As usual with these CTF problems one must look and see what is different from the usual, and use that to guide the way. The obvious weird thing is the massive amount of precision with the numbers that we are given and the title “Reality”. Hmm, reality, real numbers? Maybe the precision is somehow making the secret sharing system insecure? The system usually works by giving each member a pair of an integer n and the coefficient for xⁿ so the system we have here is definitely different.

I didn’t have a clue where to go from there, but resident genius Robert Xiao had an idea immediately. Can we make this into a lattice problem? More specifically a closest vector problem where the solution is the desired coefficients?

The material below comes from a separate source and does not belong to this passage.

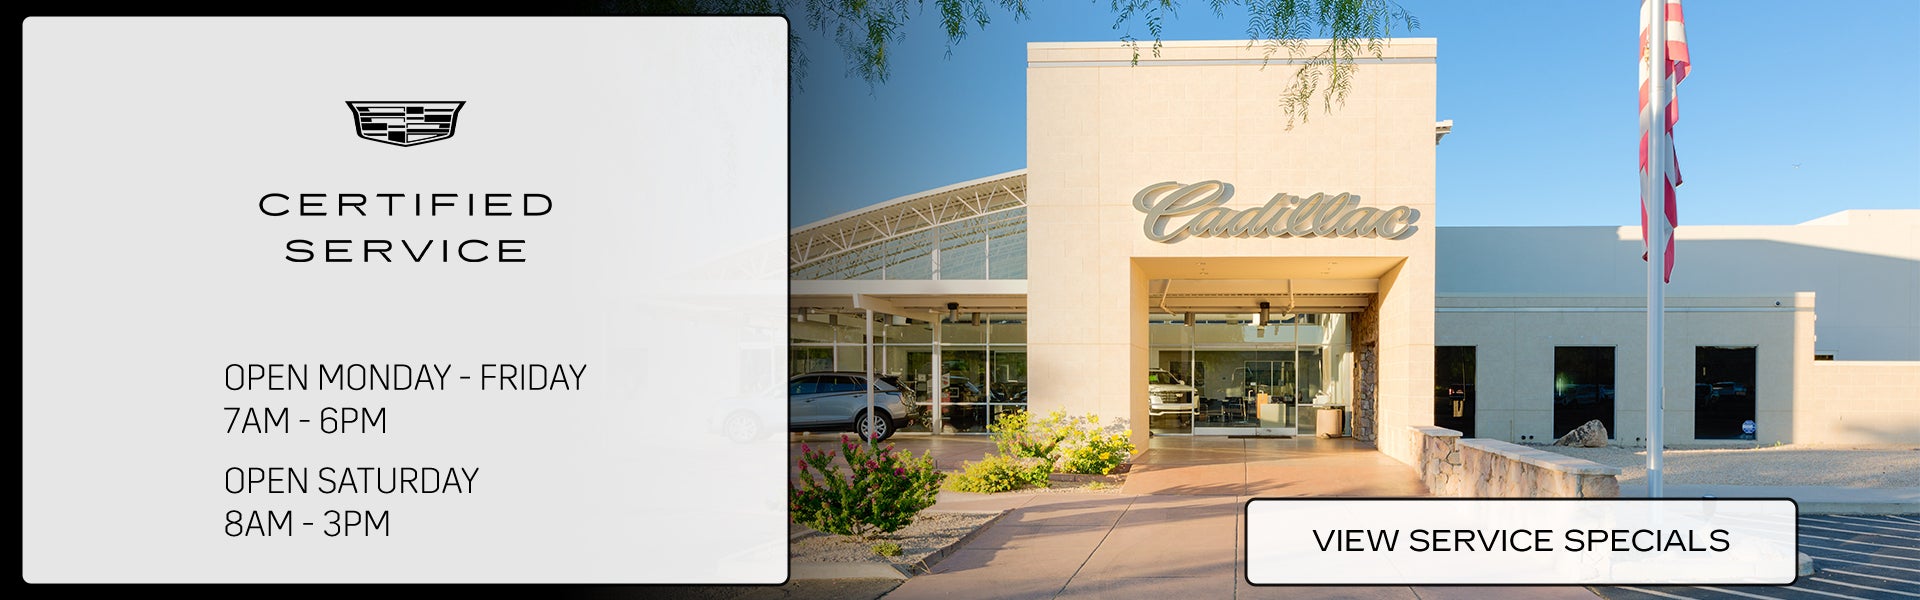 Certified Service at Earnhardt Cadillac in Scottsdale

This might work because the massive amount of decimal precision!

The problem we’re interested for this challenge is called the closest vector problem (CVP). It boils down to this: Given a matrix A and a vector v, what vector x, with the constraint that x is made up of integers, results in the Ax that is closest to v and what is that “closest vector” vector Ax?

We want our closest vector problem to solve for the integer coefficients that make up the polynomial. Here’s our equations, we know that it’s in this form because the challenge said we needed 5 coefficients to decode the flag.

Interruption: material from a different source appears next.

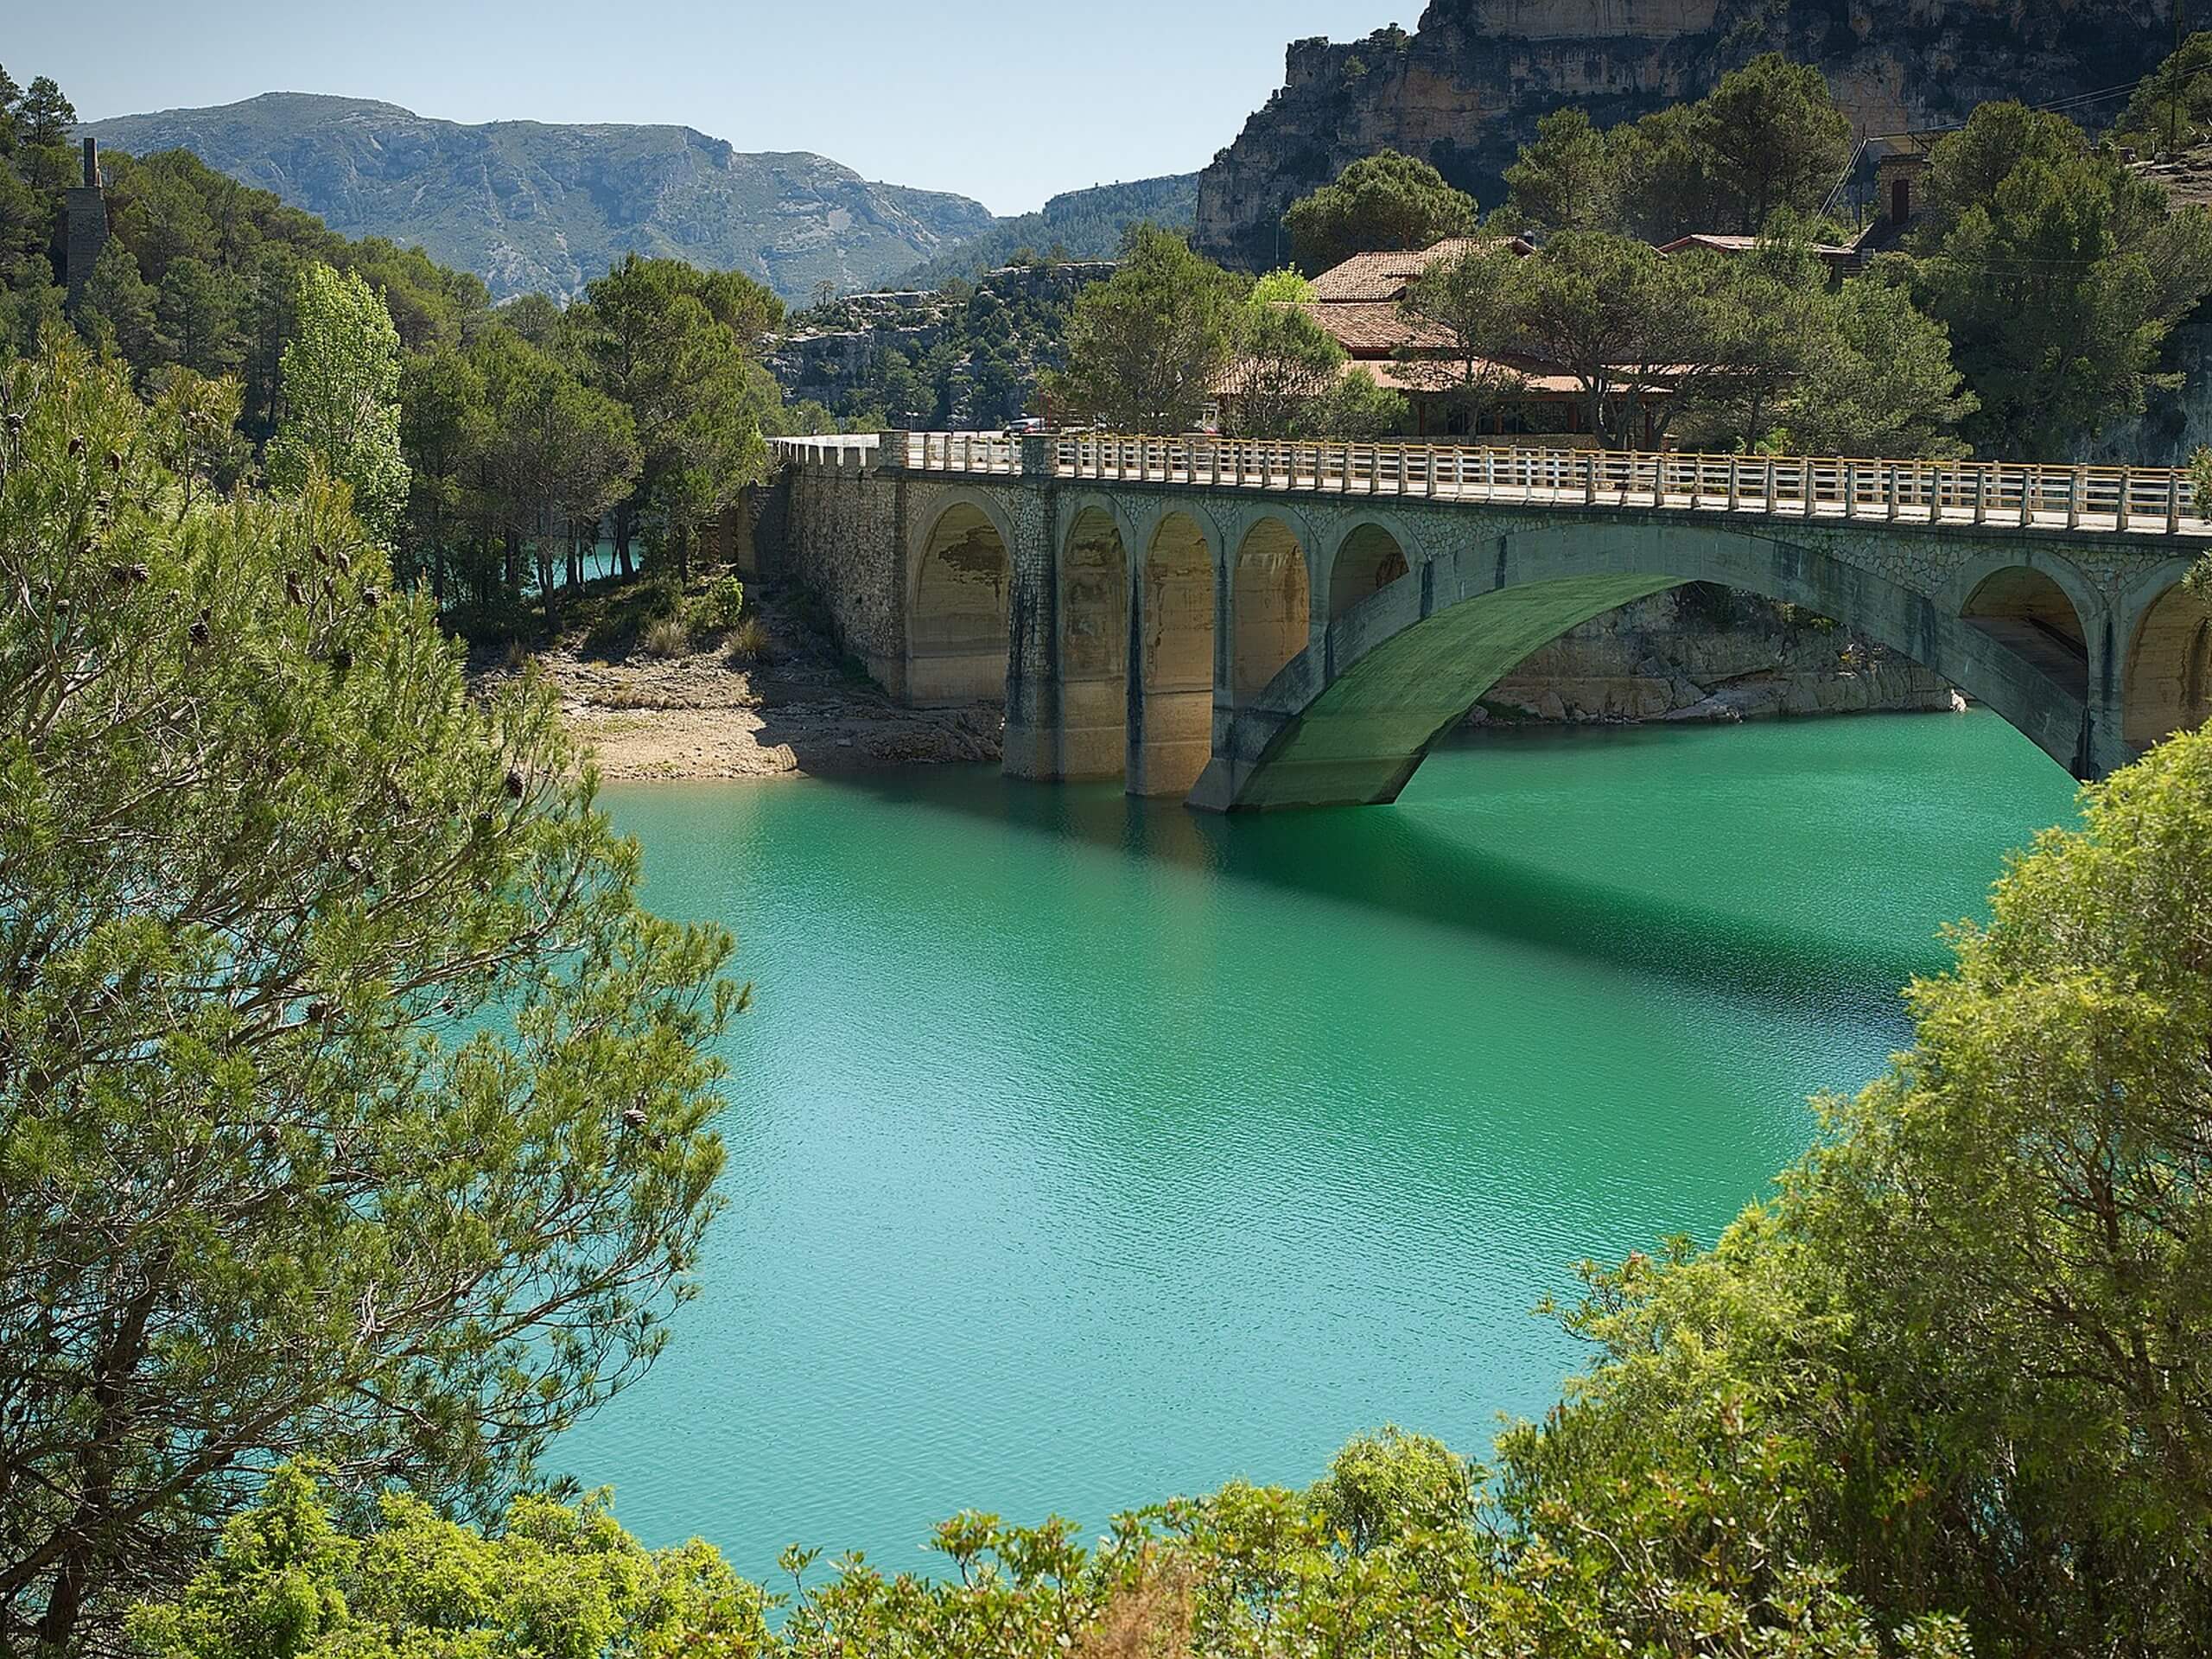 Beautiful rocky bridge over the turquoise water in Spain

\begin{equation} y_1 = c_0 + c_1 x_1 + c_2 x_1^2 + c_3 x_1^3 + c_4 x_1^4 \\ y_2 = c_0 + c_1 x_2 + c_2 x_2^2 + c_3 x_2^3 + c_4 x_2^4 \\ y_3 = c_0 + c_1 x_3 + c_2 x_3^2 + c_3 x_3^3 + c_4 x_3^4 \\ \end{equation}

Now into a matrix,

\begin{equation} A=
\begin{bmatrix} 1 & x_1 & x_1^2 & x_1^3 & x_1^4 \\
1 & x_2 & x_2^2 & x_2^3 & x_2^4 \\ 1 & x_3 & x_3^2 & x_3^3 & x_3^4 \\ 1 & 0 & 0 & 0 & 0 \\ \end{bmatrix} \end{equation}

The goal vector,

\begin{equation} v=
\begin{bmatrix} y_1 \\
y_2 \\ y_3 \\ c_0 \\ \end{bmatrix} \end{equation}

Remember CVP finds integer valued x such that \(Ax=v\). So given this we expect that the CVP will find \begin{equation} x=
\begin{bmatrix} c_0 \\
c_1 \\ c_2 \\ c_3 \\ c_4 \\ \end{bmatrix} \end{equation}

and return us a vector that is close to (and hopefully close enough so that c0 will be valid)
\begin{equation} res=
\begin{bmatrix} y_1 \\
y_2 \\ y_3 \\ c_0 \\ \end{bmatrix} \end{equation} which we can extract the secret, c0, out from.

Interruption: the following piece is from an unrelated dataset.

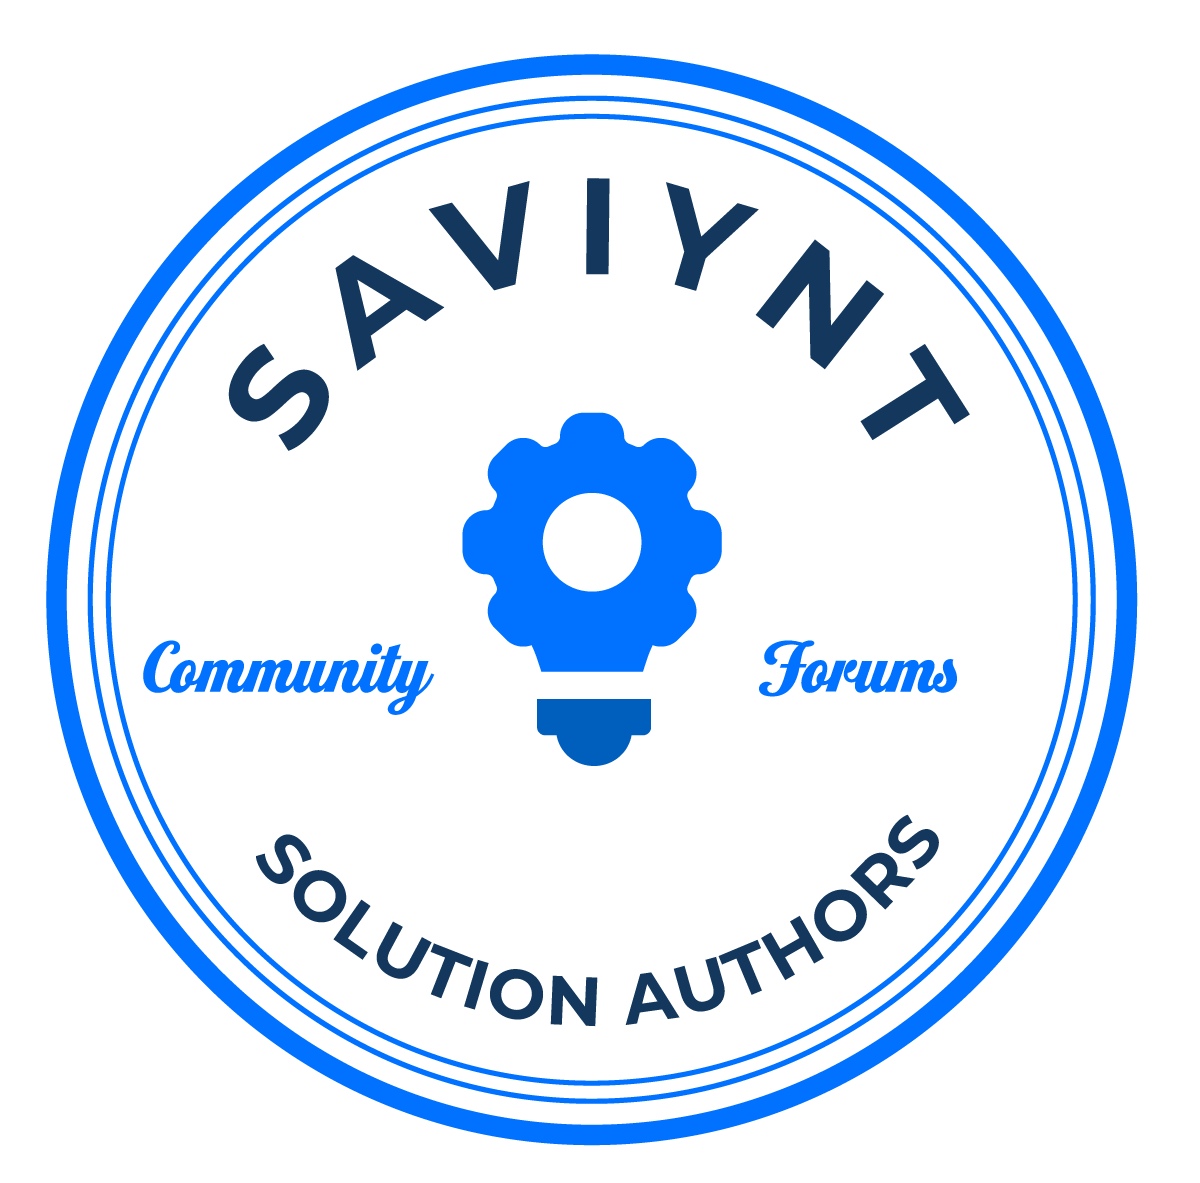 Top Solution Author

The problem is that we don’t know what c0 is, so we can’t give use the goal vector as written. The solution I ended up using was to guess and make it insignificant, ie multiply everything in the matrix and the y’s by a large scaling factor so that the algorithm “doesn’t care as much” about the difference between our guessed c0 and what we want it to return, the actual c0.

Another solution could be to invert the matrix and multiply in the [y1,y2,y3] vector but I only just thought of that.

So that’s the general idea, I ended up adding a few more rows onto the matrix to get the CVP function from fpyll to work, but eventually I got there.

So now we have a massive int, c0. How to decrypt the flag? This was basically just trial and error, I eventually noticed that it was about right to be converted into 16 bytes, which is the key length that is required for the encryption scheme that they used in the earlier challenges (AES-CBC).

And it worked! AES-CBC with the key being c0 and IV being just b’’s resulted in our flag!

CTF{h0w-r3al-is-y0ur-Re4l-4Real}